# Synchronization of Pulse-Coupled Phase Oscillators over Multi-FPGA Communication Links

| 著者                | Pramanta Dinda, Morie Takashi, Tamukoh Hakaru  |  |
|-------------------|------------------------------------------------|--|
| journal or        | Journal of Robotics, Networking and Artificial |  |
| publication title | Life                                           |  |
| volume            | 4                                              |  |
| number            | 1                                              |  |
| page range        | 91-96                                          |  |
| year              | 2017-06-01                                     |  |
| URL               | http://hdl.handle.net/10228/00008259           |  |

doi: https://doi.org/10.2991/jrnal.2017.4.1.20



# Synchronization of Pulse-Coupled Phase Oscillators over Multi-FPGA Communication Links

Dinda Pramanta, Takashi Morie, Hakaru Tamukoh

Graduate School of Life Science and Systems Engineering, Kyushu Institute of Technology 2-4 Hibikino, Wakamatsu-ku, Kitakyushu 808-0196, Japan

E-mail: dinda-pramanta@edu.brain.kyutech.ac.jp, morie@brain.kyutech.ac.jp, tamukoh@brain.kyutech.ac.jp

#### Abstract

This study proposes an implementation of pulse-coupled phase oscillators over multiple field-programmable-gate-array (FPGA) communication links. Two FPGAs are connected by a gigabit transceiver and a First-In First-Out interface. To verify the effect of communication delay between FPGAs on oscillator synchronization, we implement four oscillators on the multi-FPGA platform. We have successfully observed synchronization over two FPGAs correctly, despite of a 0.1 µs communication delay. The measurement results show that first spike synchronization requires 12.47 µs with a 3.2 Gbps communication throughput. *Keywords*: pulse-coupled oscillators, synchronization, Winfree model, FIFO, GTX, multi-FPGA.

## 1. Introduction

Pulse-coupled phase oscillator networks are a type of spiking neural network and a promising model for realizing brain-like very large-scale integration (VLSI). Mathematical models of coupled oscillators have been proposed and intensively studied.<sup>1-6</sup> In these models, mutual interactions between oscillators are represented by a simple phase sensitivity function, and the couplings between oscillators are determined by the timings of spike pulses output by each oscillator. Based on this principle, nonlinear processing is performed by a single transition in spike timing. In addition, only one-bit signal lines are required between oscillators for spike pulse communication. These features allow us to achieve efficient hardware implementation, and high-performance and low-power intelligent information processing VLSI systems can be constructed based on spike-based computation.

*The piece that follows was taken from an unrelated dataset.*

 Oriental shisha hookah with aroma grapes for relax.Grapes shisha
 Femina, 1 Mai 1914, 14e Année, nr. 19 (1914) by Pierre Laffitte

To implement spike-based computation and demonstrate its effectiveness, we have proposed analog VLSI circuits<sup>7-9</sup> and digital circuits using field programmable gate arrays (FPGAs).<sup>10,11</sup> For the analog

VLSI, we implemented a region-based coupled Markov random field model using pulse-coupled phase oscillators and applied it to image region segmentation. Measurement results showed that the proposed device achieved high efficiency in terms of performance per power consumption.<sup>9</sup> In the FPGA Implementation, we introduced a parameterized design that enabled us to emulate various sizes and interconnections of pulse-coupled oscillator networks.<sup>11</sup> From this previous work, we have confirmed that spike-based computation is suitable for realizing brain-like VLSI. However, a large-scale network cannot be implemented on a single chip owing to limited circuit resources.

A multi-FPGA-based design would overcome the resource limitations of a single FPGA<sup>12</sup> and enable us to implement large-scale pulse-coupled phase oscillator networks. However, communication delays between FPGAs might affect synchronization between oscillators, which is the most important function of pulse-coupled phase oscillator systems. Therefore, high-speed communication is required to implement oscillator systems over multiple FPGAs, and the synchronization state over a multi-FPGA system should be verified.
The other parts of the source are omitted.